Целыми днями я ходил по городу, как будто ждал от себя какого-то результата – и даже сравнивал это странное занятие с нашей разведкой на берегах Енисея. Как электрический ток, я посылал свои чувства и ждал их возвращения. Проявлялись ли они в словах? Нет, продолжали настаиваться. Иногда вечерами я пытался что-то записать из своих впечатлений – и сразу же зачеркивал написанное, чувствуя свое бессилие. Я боялся, что навсегда останусь молчальником, как Петр, сказавший эти слова – «когда уж совсем без этого нельзя». Неужели я заболел странной болезнью преждевременности слов? От кого и какого разрешения я жду? Я чувствовал, что разрешение должно появиться в виде формы, в которую выльются слова. Рано, успокаивал я себя, рано. Надо уметь ждать.
И словно обидевшись на слова, я рванулся к музыке, слушая ее вечерами в филармонии. Почему-то музыка догоняла меня потом, когда я выходил на Невский, переходил к Казанскому собору и долго еще сидел на скамейке в сквере, думая под эти гаснущие в моей памяти звуки. Наивные и неожиданные мысли приходили ко мне в голову. Неужели я так и останусь пустым колоколом, слушающим лишь свой внутренний гул? Почему люди так и не придумали какого-нибудь искусства для выражения своего бессилия? Что же дальше?
У меня было странное ощущение, что я уклоняюсь от внешнего мира и только его наблюдаю и подслушиваю, словно боясь принять в нем участие.
В филармонии рядом со мной сидели две старушки, тихо беседовали в антракте, и я услышал, что город они называют – Петербург, и это мне понравилось, и я почему-то решил, что и сам буду так его называть. Я поднял уроненную ими программку, ответил на какие-то вопросы. И выходили мы вместе, и раскланялись, прощаясь, и я подумал, что можно было бы пройтись вместе, разговориться, и мне этого, наверное, хотелось, как и им. Но я… уклонился.
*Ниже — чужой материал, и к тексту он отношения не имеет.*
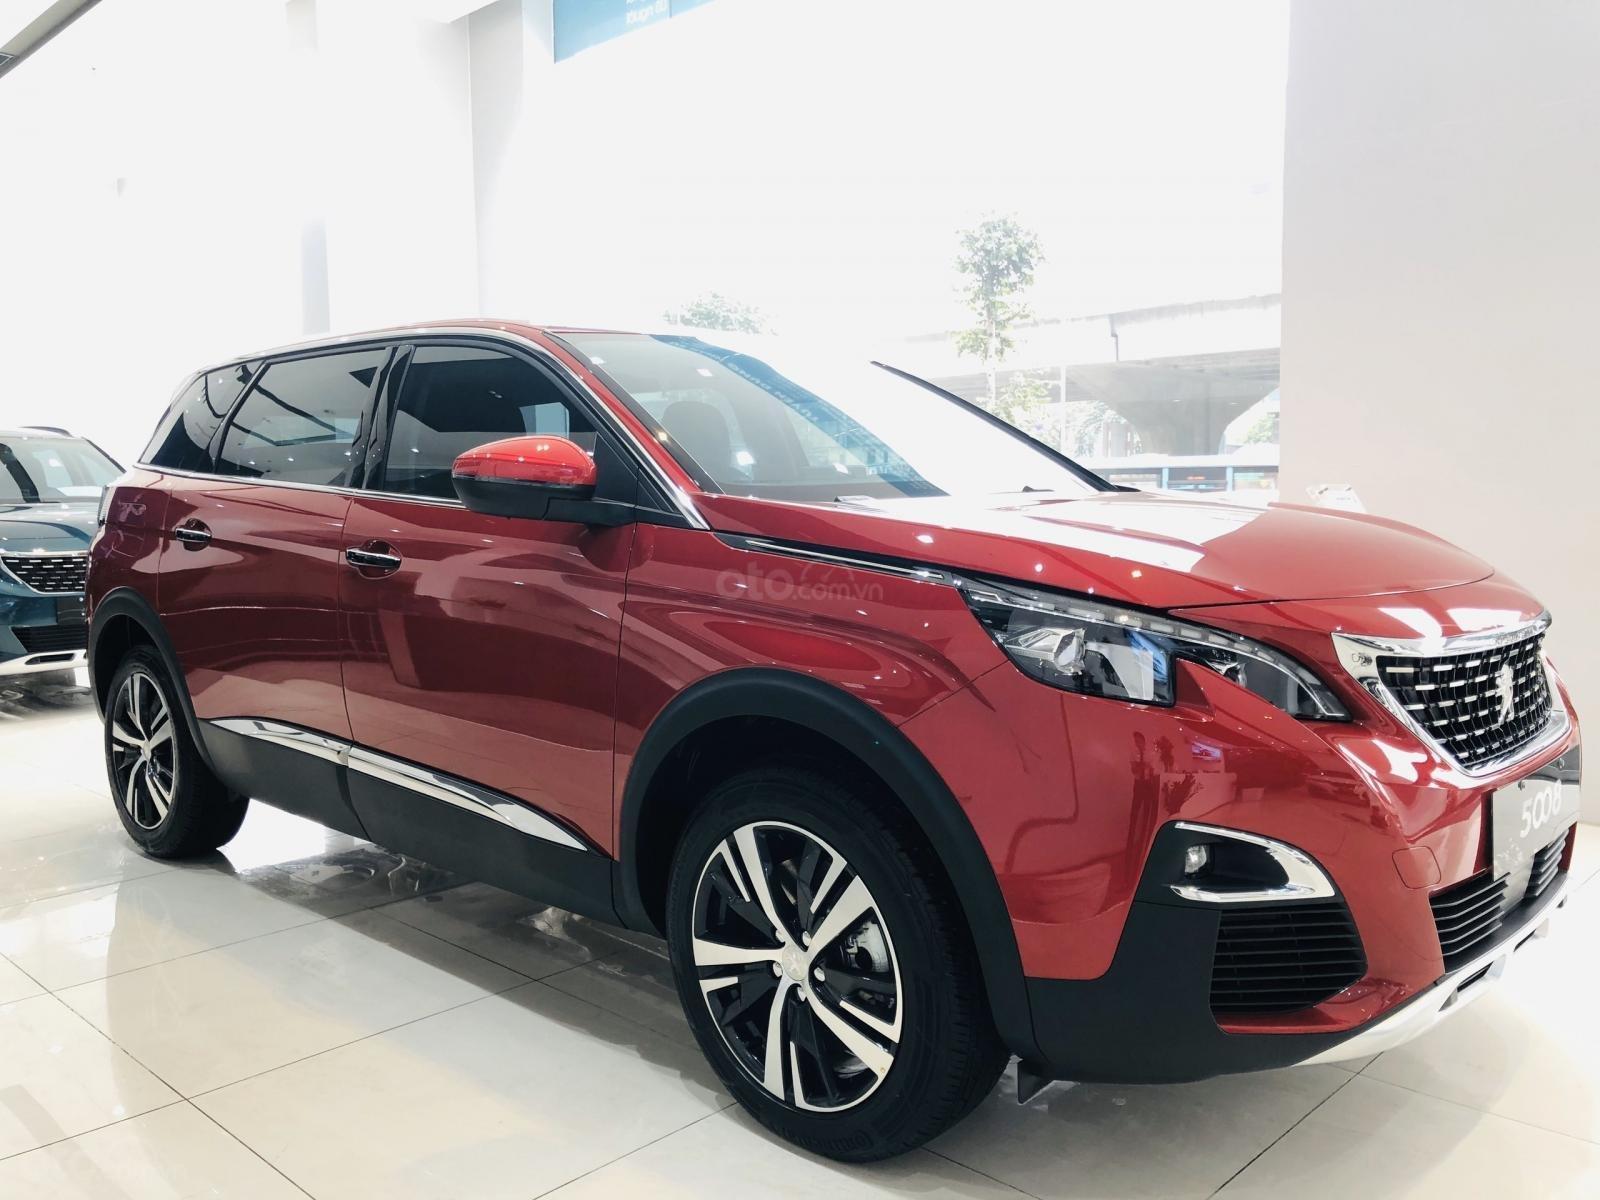 Bán xe Peugeot 3008 năm 2020, giá tốt nhất (2)

Я узнал двух кларнетистов, присевших на соседнюю скамейку. Только что я слушал их музыку. «Знаешь, что я ему скажу, – горячился один. – Я скажу, что даже Петр Ильич не одобрил бы моего усиления. Нет этого в партитуре! Что он тычет в меня? Кто главнее, композитор или дирижер?» Потом разговор перешел на протекающий потолок квартиры, дачу, которую надо продать, на что-то еще. На что-то еще, потому что я уже ничего не различал, удивленный. Так просто все соединяется? Я побоялся, что захочу об этом сказать музыкантам. Близость ошибки согнала меня со скамейки, и мне показалось, я даже наклонил голову, чтобы пройти под протянутой высоко надо мной рукой бронзового Кутузова. Я быстро шел по Невскому и все пытался вспомнить забытую строчку из стихотворения, чтобы восстановить что-то выпавшее, казалось, из самой жизни.
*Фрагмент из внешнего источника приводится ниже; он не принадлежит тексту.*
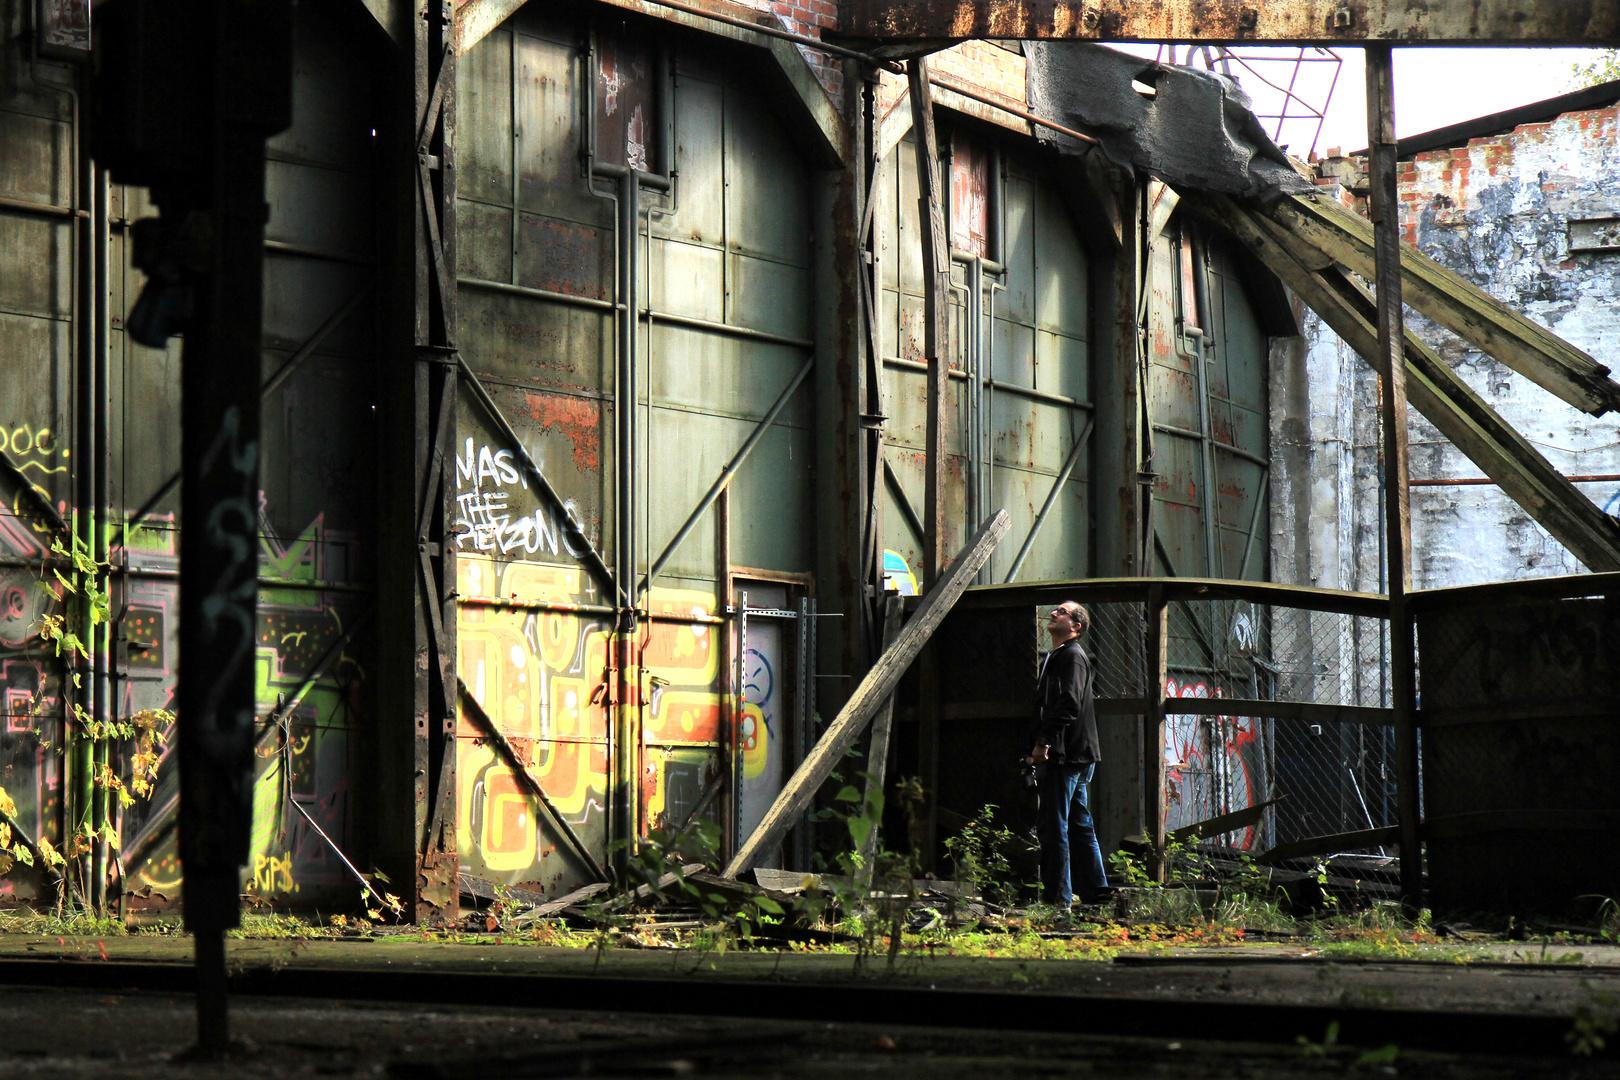 Verlassenes Bahnhofsgelände Graffiti 5

На углу у канала Грибоедова толпились люди. Почему-то я подошел к ним, потом через подворотню вошел в освещенный двор. Там кормили бездомных. Две девушки у походной кухни уже заканчивали работу. Они спросили меня: «Накормить, студент?» Я растерялся и уже получил в руки картонную тарелку с кашей. Странность и одновременно естественность происходящего завораживала меня. Я стоял у стены, ел кашу и смотрел на кухню, девушек, бездомных, и даже казалось, что видел и самого себя – со стороны. Девушки все убрали, закрыли кухню на замок, подошли ко мне и спросили, не знаю ли я, где можно переночевать, чтобы не ехать домой на электричке. Я пригласил их к себе, потому что жил один в квартире брата. Странность жизни продолжалась. Девушки легли спать в одной комнате, я в другой. Лежал и думал – что еще может произойти в следующую минуту. Но потом уснул, а утром девушки уже ушли. В кухне на столе была записка с одним словом «спасибо».